> Aim of the exercise
In the copy you make, include no pictures, and transcribe every record exactly.

> Excerpted data
────────────────
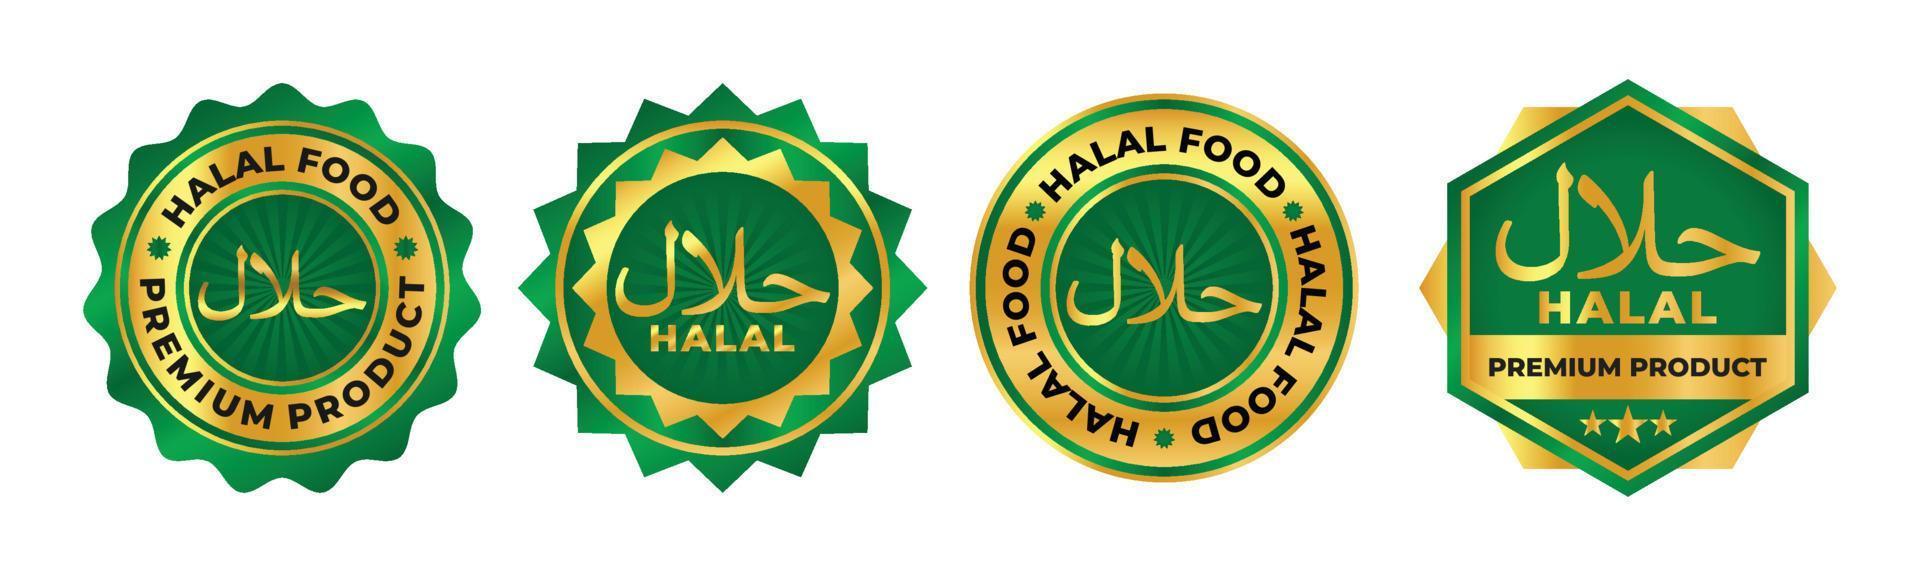 halal cibo e Prodotto distintivo logo vettore con verde e oro colore
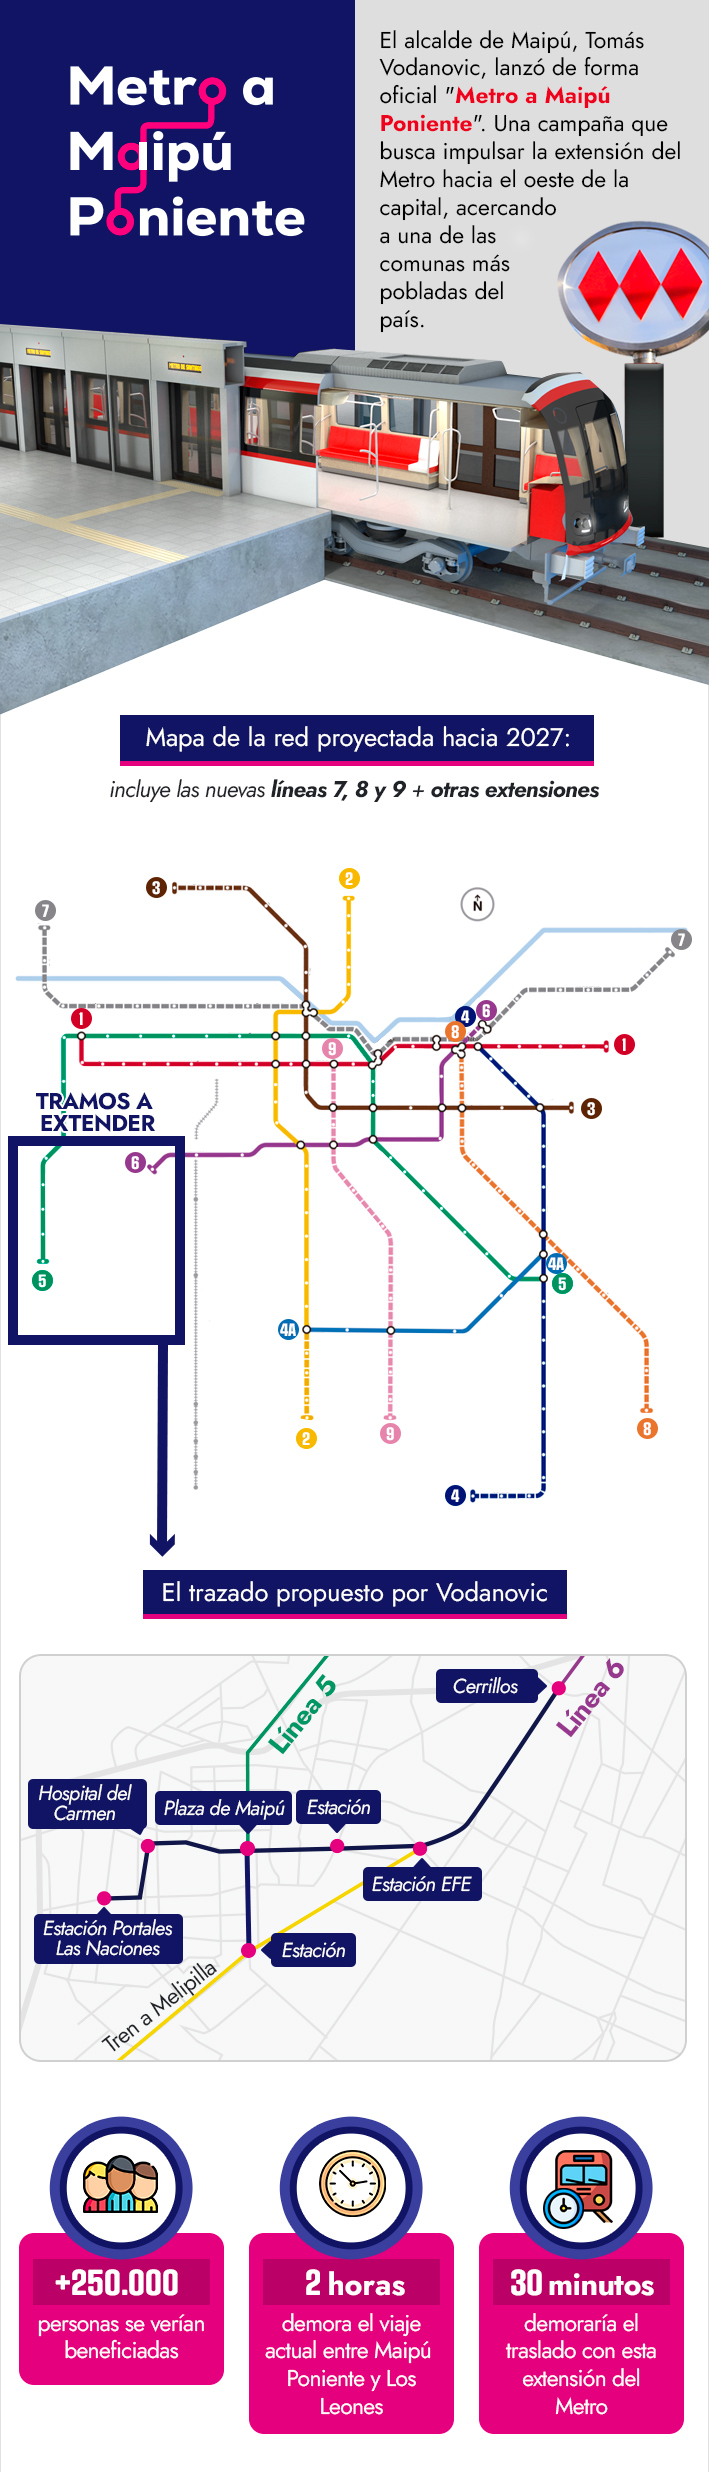 Metro hacia Maipú Poniente: Así es la extensión que 
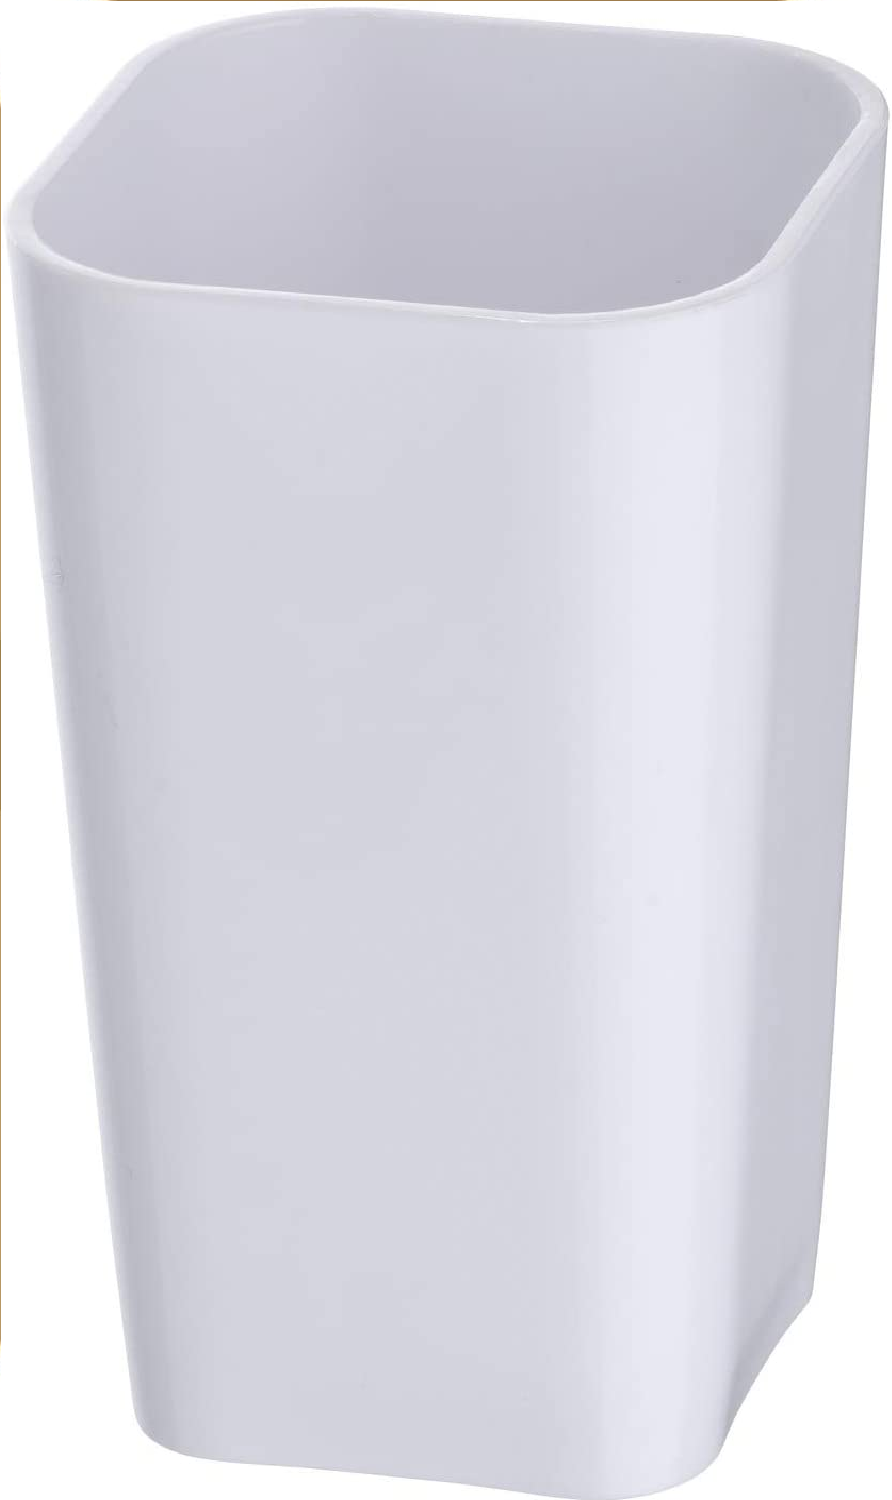 Zahnputzbecher Candy White - Zahnbürstenhalter für und Zahnpasta, Polystyrol, 7 x 11 x 7 cm, Weiß
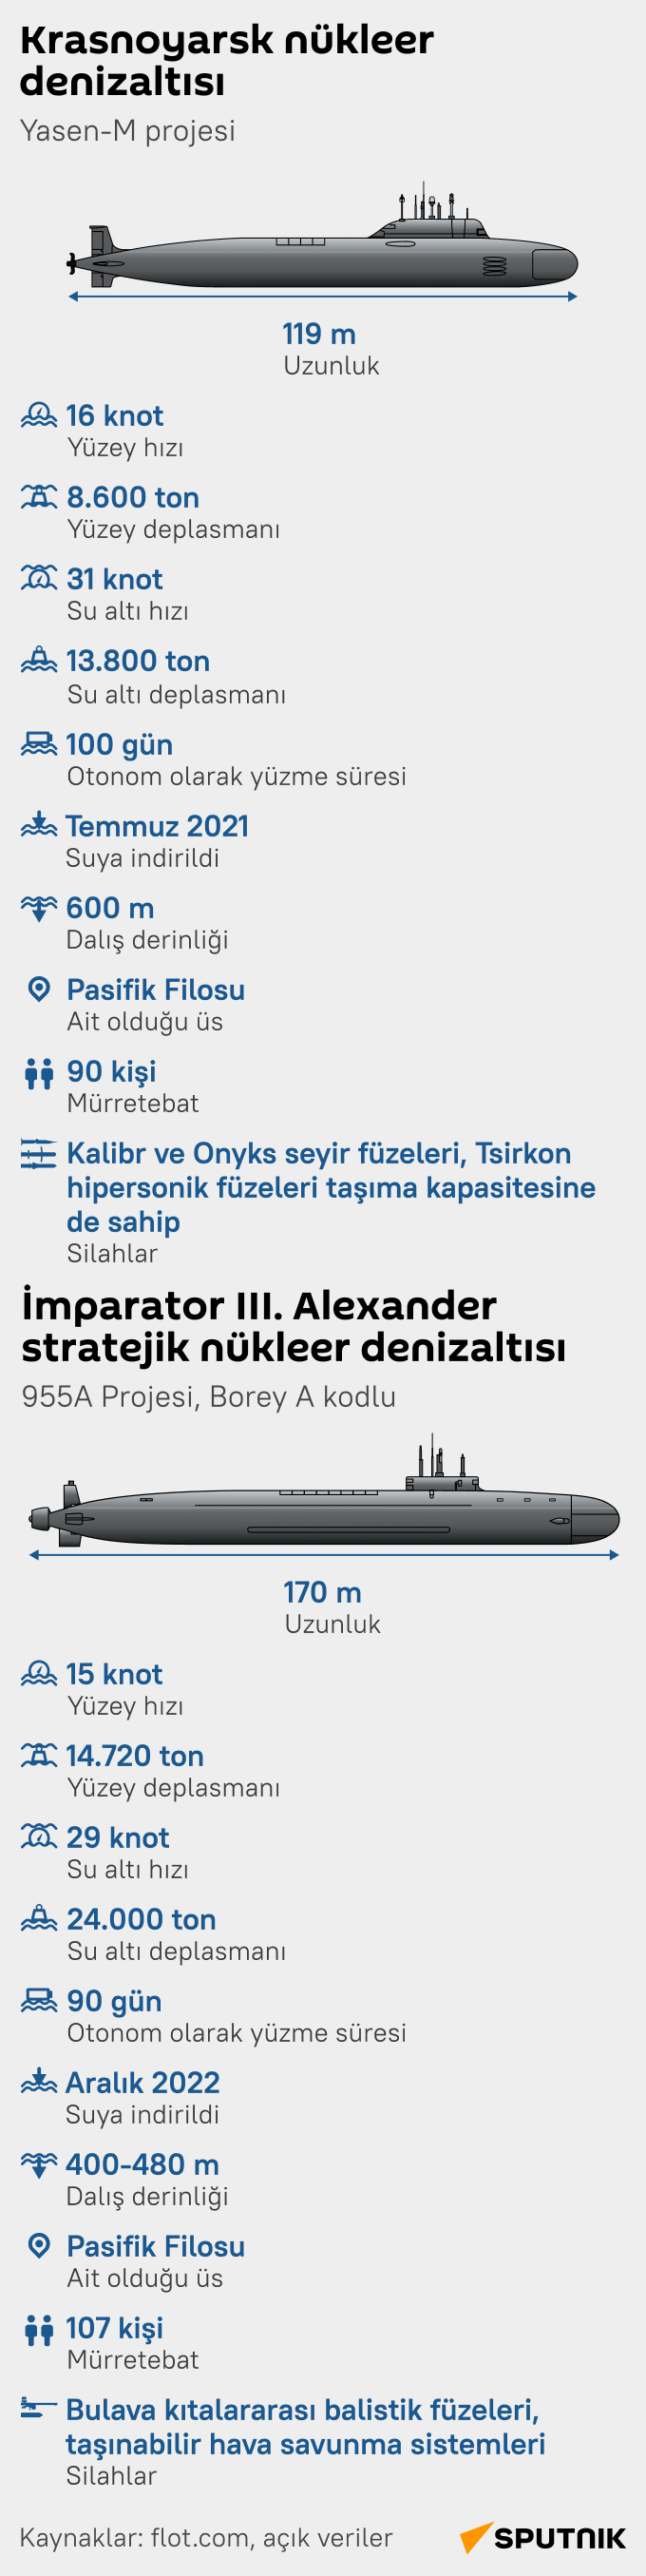 Rus Donanmasına katılan iki nükleer denizaltı: Krasnoyarsk ve İmparator III. Alexander   - Sputnik Türkiye
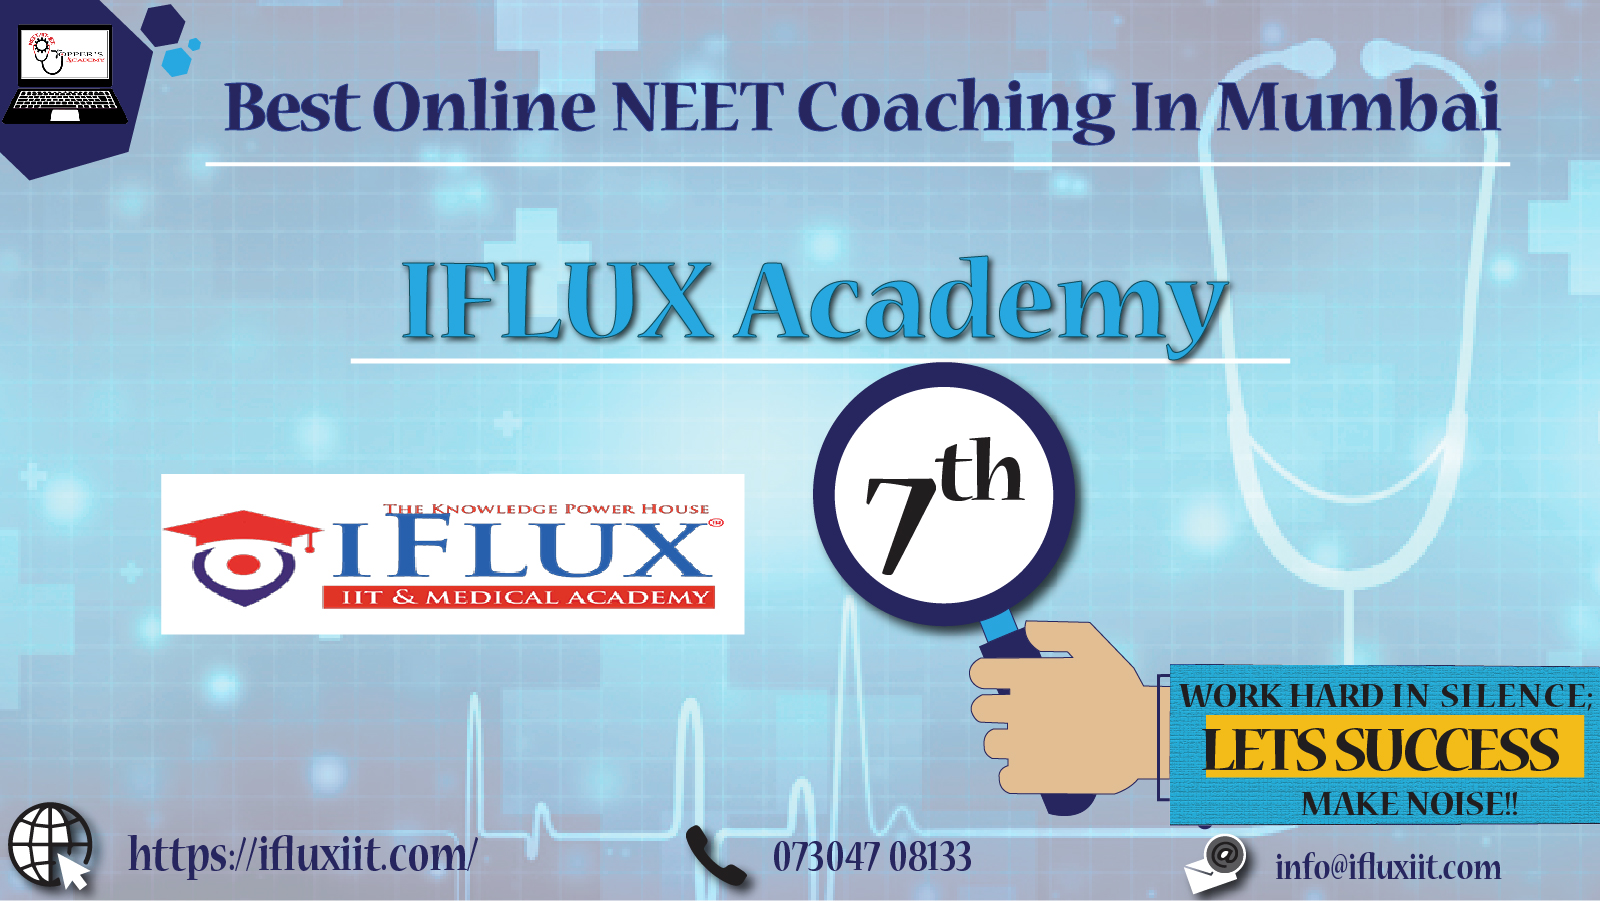 Top online Neet coaching institutes in mumbai
────────────────
> Result below
 halal cibo e Prodotto distintivo logo vettore con verde e oro colore
 Metro hacia Maipú Poniente: Así es la extensión que 
 Zahnputzbecher Candy White - Zahnbürstenhalter für und Zahnpasta, Polystyrol, 7 x 11 x 7 cm, Weiß
 Rus Donanmasına katılan iki nükleer denizaltı: Krasnoyarsk ve İmparator III. Alexander   - Sputnik Türkiye
 Top online Neet coaching institutes in mumbai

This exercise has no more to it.